Thursday, October 26, 2006


While In Public is going into its final performances (get your tickets!), I'm struck by one of the compliments I've heard a few times about it. It's certainly not backhanded, in fact, this compliment struck me as sincere...

"It's not too long."

In the midst of talking informally about any given play running in New York City, lack of length is often considered high praise. (Not to overstate, I'm sure this often means "We can all drink earlier.") In my self-conscious way, though, I think about The Death of King Arthur and The Most Wonderful Love, both of which run at around 2 and a half hours, and wonder how often that was viewed as a failing of the work.

We're in an era when we can receive more, faster, and with less effort. For everyone Coast of Utopia (three parts and hours long) , there are many more Wrecks (75 minute monologues for one actor.) Somewhere in between is the typical, songless play, which is now, I fear, expected to fall more within the length of the latter than the former.

This trend towards shorter works strikes me as a concession to the ease by which we consume other media. (It may be that people don't mind something longer if they see uniform excellence.) It may simply also be that the shorter works are those that have the least fat on them, and therefore, are direct and elegant in a way that flabbier works are not.

Sometimes, though, there is power in some weight and length, and stories need to develop in a way that is firmly edited. Imagine trying to turn Who's Afraid of Virginia Woolf? into a more compact, sixty-five minute evening. How much of the play could be lost in order to get across the major ideas? Plenty? How much of the exhaustion and bullishness would be lost in a trimmer version... all of it.

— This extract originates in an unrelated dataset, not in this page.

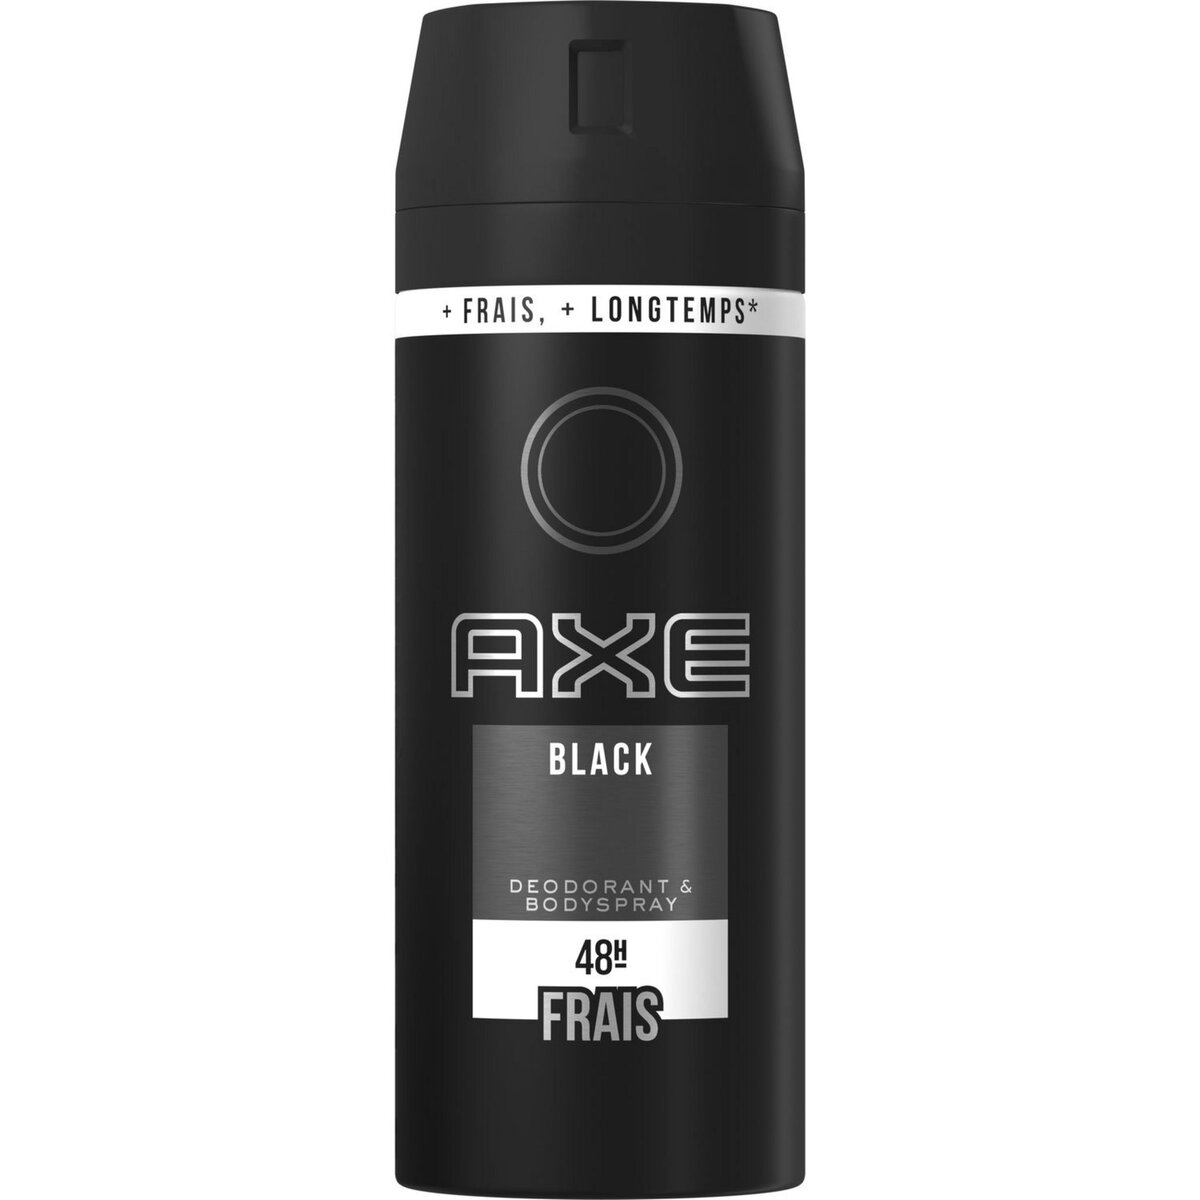 AXE Black Déodorant homme spray antibactérien 48H frais 150ml

I'm also concerned that we're teaching new playwrights to push an elephant through the eye of a needle: that their thoughts should be bite-sized to be tolerated, and that if they write a play that is five-hours long, it is hubris, as opposed to ambition.

This is not to say, of course, that a compact play is not capable of large and complex thoughts (far from it.) In fact, some of the best works of the modern theatre have been shorter works by Beckett or Pinter or Albee. (In Public certainly doesn't trade in light-fare.) It's simply an observation...or more accurately a reservation.



Devilvet said...

The best thing about the 60-90 minute play is that if it isn't your cup of tea, you're out before too long. If it is just the kind of thing you're looking for you can always leave them wanting more.

In today's world were 95% of what we call entertainment is broken up into 30 or 60 minute chunks on the TV...I think it only makes sense that may of us perfer a shorter form.

But, I would respect the playwright who writes what they intend to write and the piece is over when it is over. If it takes 90 minutes to tell...fine...if it takes 3 hours to tell fine too. But, if it takes 45 minutes to tell and the playwright has stretched than into a longer play so that they have a "full length" piece...I say ughhhh!

Mark said...

I think what people (agents are famous for saying this) mean when they speak of brevity as a virtue is that they're more excited when plays by playwrights-they've-yet-to-experience are short. Even if they wind up liking them. Time is really valuable to people and it's hard enough to get people to see a play at all, let alone for a length of time that will throw their weekly schedule out of whack, cost more for a babysitter, etc.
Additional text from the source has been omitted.